6 Tips for Expanding Globally into Brazil

Brazil may be best known for its breathtaking beaches and lush rainforests but its booming economy with excellent investment opportunities is now attracting more foreign business people than ever before. Going global can be daunting and there are always challenges when entering a new market. Follow these 6 tips to doing business in Brazil and you'll be saying "trato" in no time.

1. Seize the Opportunities

Brazil may be best known for its breathtaking beaches and it lush rainforests but its booming economy with excellent investment opportunities is now attracting more foreigner business people than ever before. With a population of 190 million and a GDP of almost $2 trillion, Brazil represents the 5th largest opportunity in the world after China, India, Indonesia and the United States. Opportunities abound for small to mid-sized companies in many sectors of the Brazilian market. With the preparations in full swing for the 2014 World Cup and the 2016 Olympics billions have been earmarked for infrastructure, roads, ports, airports, and stadiums. Agriculture, construction, security, mining, telecommunications are some other promising areas for exports and investment. While the oil and gas industry is also very strong in Brazil, the country is now one of the leaders of hydroelectric power making investment into this industry extremely promising as well. An IMF (International Monetary Fund) report indicates that Brazil leads all other South American countries in terms of infrastructure and technological development.

2. Do Your Homework

Brazil is a hotspot for companies looking to expand their business and boost global sales but doing business in Brazil requires knowledge of the local environment. Often referred as the "custom Brazil" there are many hidden costs associated with doing business in this vibrant country.
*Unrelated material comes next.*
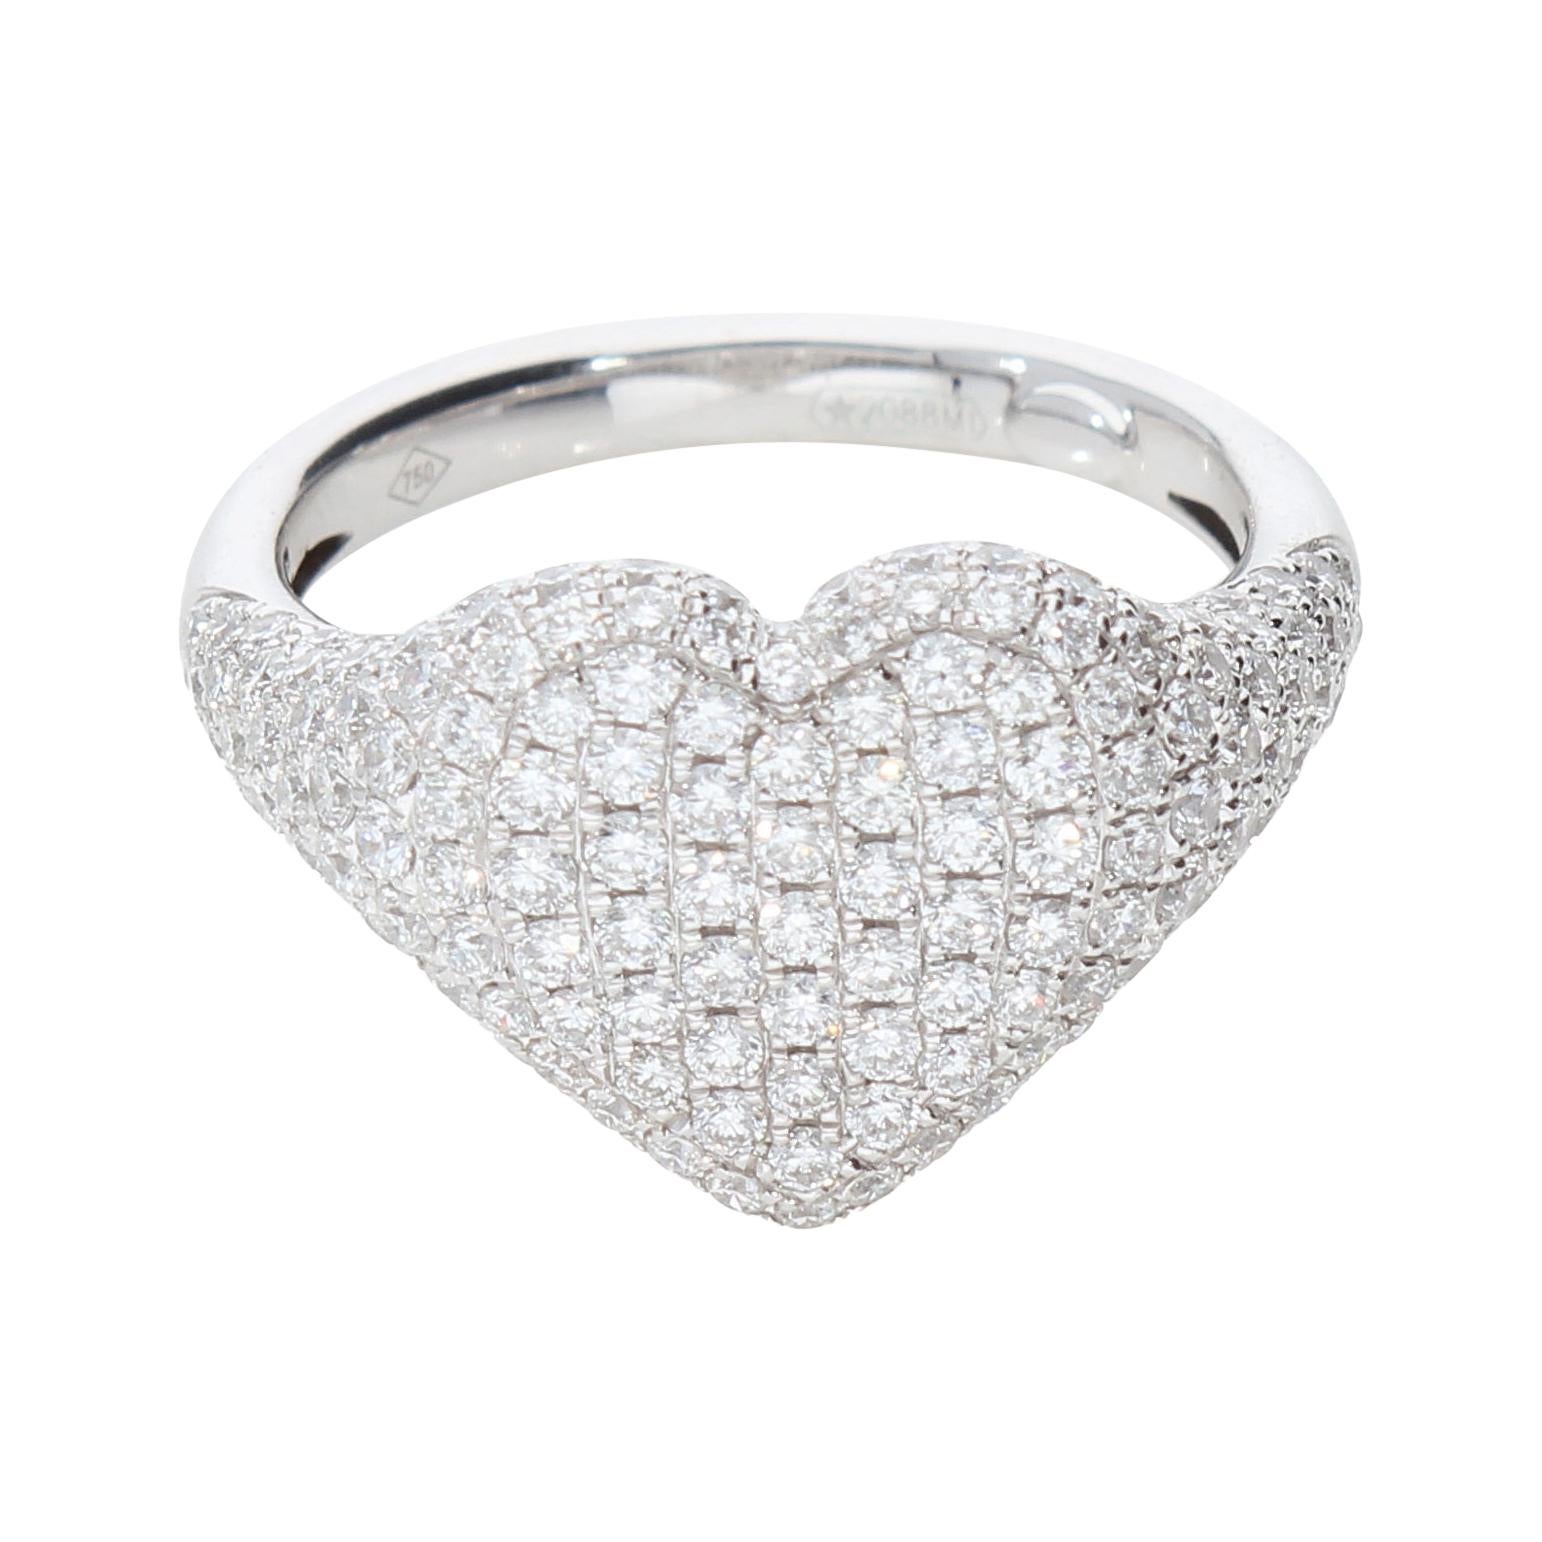 Diamonds ct 1.73, Contemporary Heart Ring in 18 Kt Gold. Made in Italy

For example, Brazil's inflation of labor costs is among the highest in Latin America and there are many labor charges on top of base salaries. Possible sources of funding must also be explored due to high interest rates on credit. Other obstacles in the way of smooth global sales for your company may include the complex customs system, lengthy legal processes and heavy taxes. Brazil may have dropped six points in the ranking since 2011 making it the 58th most difficult country to do business with but the strength of its economy, its rapidly expanding consumer class and the numerous opportunities for growth may make it worth the hassle.

3. Hire an Expert

If you're going to be doing business in Brazil, a trustworthy financial adviser and a great accountant can help you cut through the red tape and navigate the complex tax and labor laws. Don't speak Portuguese? Brazil has received a below-average score in a new report that rates English-language competency around the word so you may need to solicit a good translation company in order to effectively communicate your international business proposal and an international bilingual staffing consultant can make sure you have the right people working for you once your business is off the ground.

4. Plan a Trip

Once you've researched this booming market you'll need to start developing your market entry strategy. Some of the easiest ways are through a sales representative or distribution network, setting up a subsidiary of your existing company, or acquiring an already established Brazilian company. Personal relationships are the foundation of Brazil's business culture and many people find that visiting a trade show is the simplest way to begin doing business in Brazil. For public sector procurements a local Brazilian partner is a must and a face to face meeting is preferred. Learning a few words of Portuguese will go a long way towards showing your Brazilian business contacts that you respect their culture but a trustworthy local interpreter should be present to avoid miscommunication during any serious business meeting.

5. Familiarize Yourself with Local Customs

Since personal relationships are the key to a successful business venture in Brazil, you'll want to sharpen your Brazilian social skills. In a business meeting it is customary to start out with some casual small talk, never delve into business discussions before your host broaches the subject. It's most likely that entertaining will take place in a restaurant but if you are invited to a Brazilian home, it is seen as polite to send the hostess a flower arrangement the next day as a thank you. Gift giving is not expected at a business meeting, instead pick up the tab, a 10% tip is appropriate at a bar or restaurant. For a toast to your future success in Brazilian business try "saude" (sah-OO-day) or "viva" (VEE-va).

6. Pick a Brazilian Home base

It has been said that the biggest mistake a foreigner can make when doing business in Brazil is to visit Rio first. The city is breathtaking, the lifestyle is enticing and it's easier for your family to transition there. Rio may be the "marvelous city" but San Pablo, the "city of drizzle" is still the business center of the country and the place you'll likely want to be when doing business in Brazil. Setting up your Brazilian home base there from the start will save you an inconvenient and costly move later down the line and with a lot of planning and a little luck you'll see a quick return on your investment in this booming economy and you'll be celebrating on a beautiful Brazilian beach in no time.